Dr. Delaney: In my research study, during my fellowship, I recruited patients with psychosis and found a surprisingly high number of participants with a history of Lyme disease. However, this was complicated because there was some referral bias from the Lyme center and the fact that in most situations, the history of Lyme disease and the symptoms of psychosis were not proximally related. There are some case reports showing symptoms of psychosis emerging in the context of neurological Lyme disease and improving with antibiotics. This remains an area of interest to me, and I think it needs to be explored more.
Gabriella: The CDC says that 300,000 Lyme disease cases are reported each year, and the number of cases is increasing in both incidences and distribution. Plus, we know that many cases are not reported because of the lack of truly reliable testing.
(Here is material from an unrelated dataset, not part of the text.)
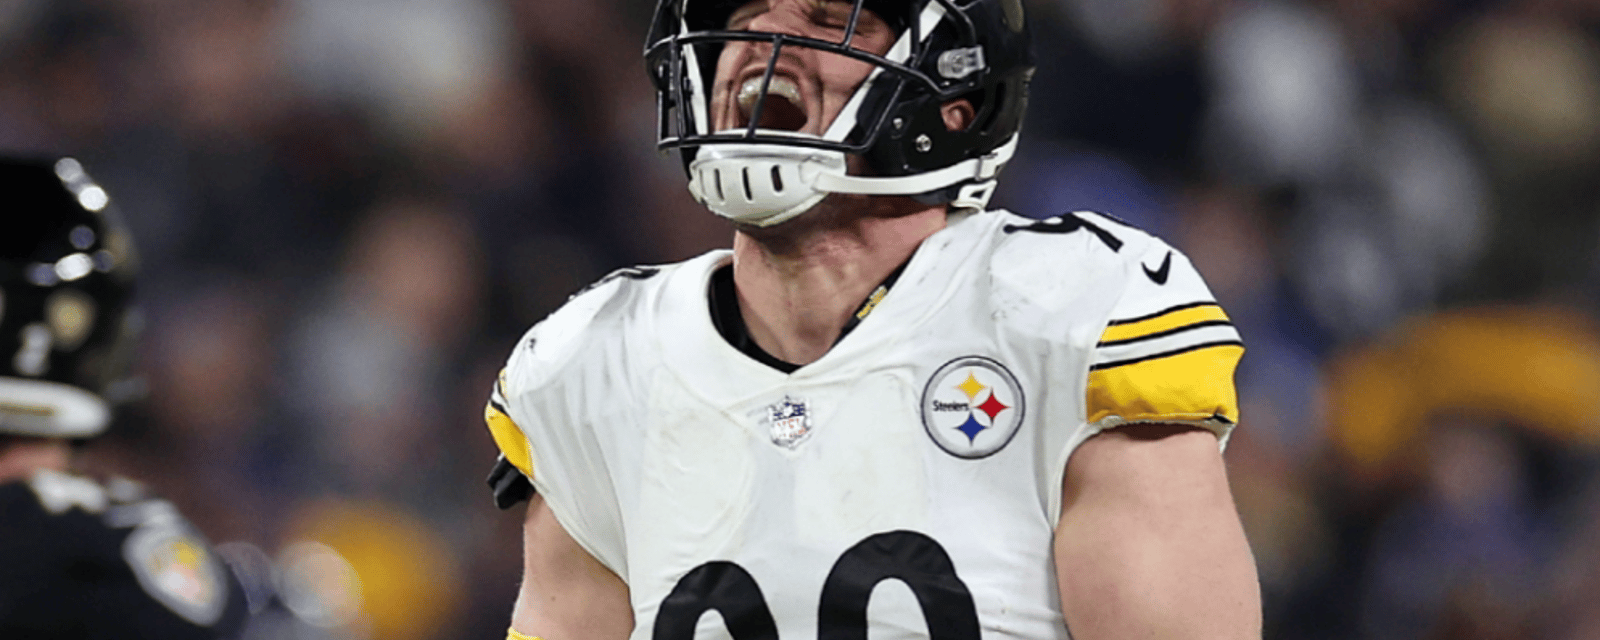 Steelers' T.J. Watt earns major honor from NFL
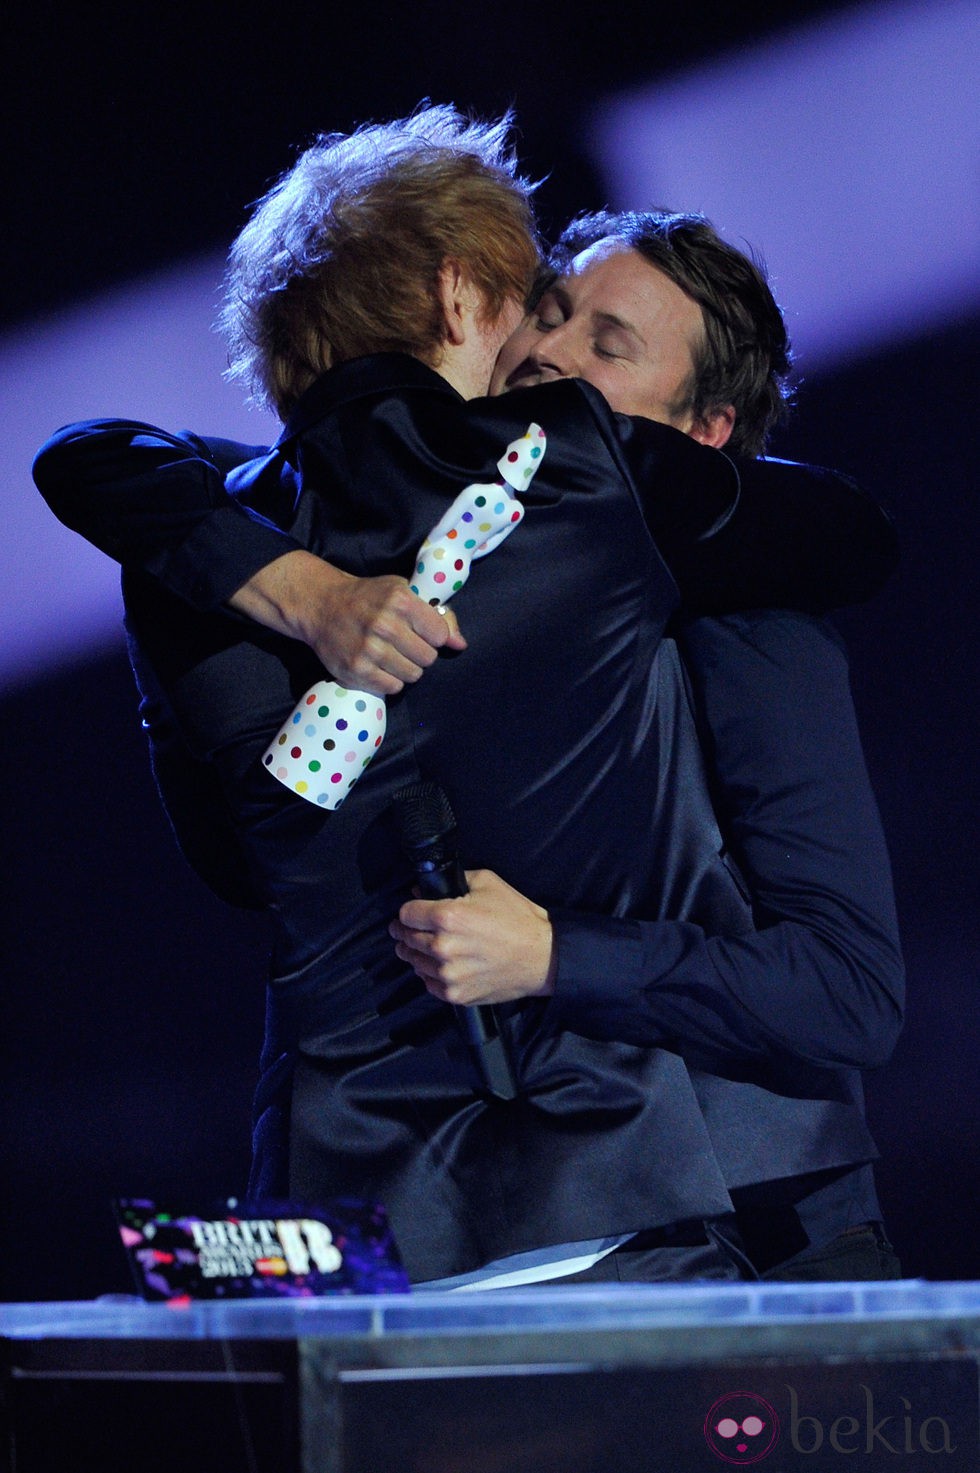 Ed Sheeran abraza a Ben Howard tras entregarle un Brit Awards 2013.

Can you talk a bit about that?
Dr. Delaney: NY and surrounding areas have such high rates of Lyme and tick-borne illness throughout the year that we cannot underestimate how often people are exposed and contracting these diseases. So, even if Lyme testing is not always so clear-cut, we must carefully consider that clinical picture with the mindset that we are in a highly endemic area. Rafal Tokarz from the Center for Infection and Immunity at Columbia University was part of the team that published a study on the Polymicrobial Nature of Tick-Borne Diseases. The study showed, 57% of the adult and 27% of nymphs Ixodes scapularis ticks, deer tick or black-legged tick, the ones that carry Lyme disease, were positive for Lyme disease.
Gabriella: Further driving home that we need to be vigilant about tick control and prevention the entire year.
Dr. Delaney: Yes, absolutely. This same study showed that polymicrobial infections were detected in 22% of the ticks and 63% test positive for at least one pathogen. So the point is if you are living in a Lyme endemic area and you are having symptoms that could be suggestive of Lyme disease, noting that sometimes Lyme can present very strangely with neurologic symptoms only or even vague symptoms, it is probably beneficial to look into at least short-term treatment, even if you don’t have confirmed laboratory diagnosis.
Gabriella: There we go. I am glad you said that. Many people need to read that and know this. Those numbers are really frightening.
Dr. Delaney: Agree, it is shocking.
Gabriella: Thank you so much. That was certainly informative. I know everyone will love learning more about the Lyme & Tick-borne Research Center at Columbia and their approach. Any closing thoughts
Dr. Delaney: Physicians need to have heightened awareness of Lyme disease and PANS/PANDAS. They must also have a clinical suspicion of Lyme in children who present with neuropsychiatric symptoms. Lyme disease must be diagnosed promptly, and patients need to be provided with appropriate treatment, which may include referral for appropriate symptom management.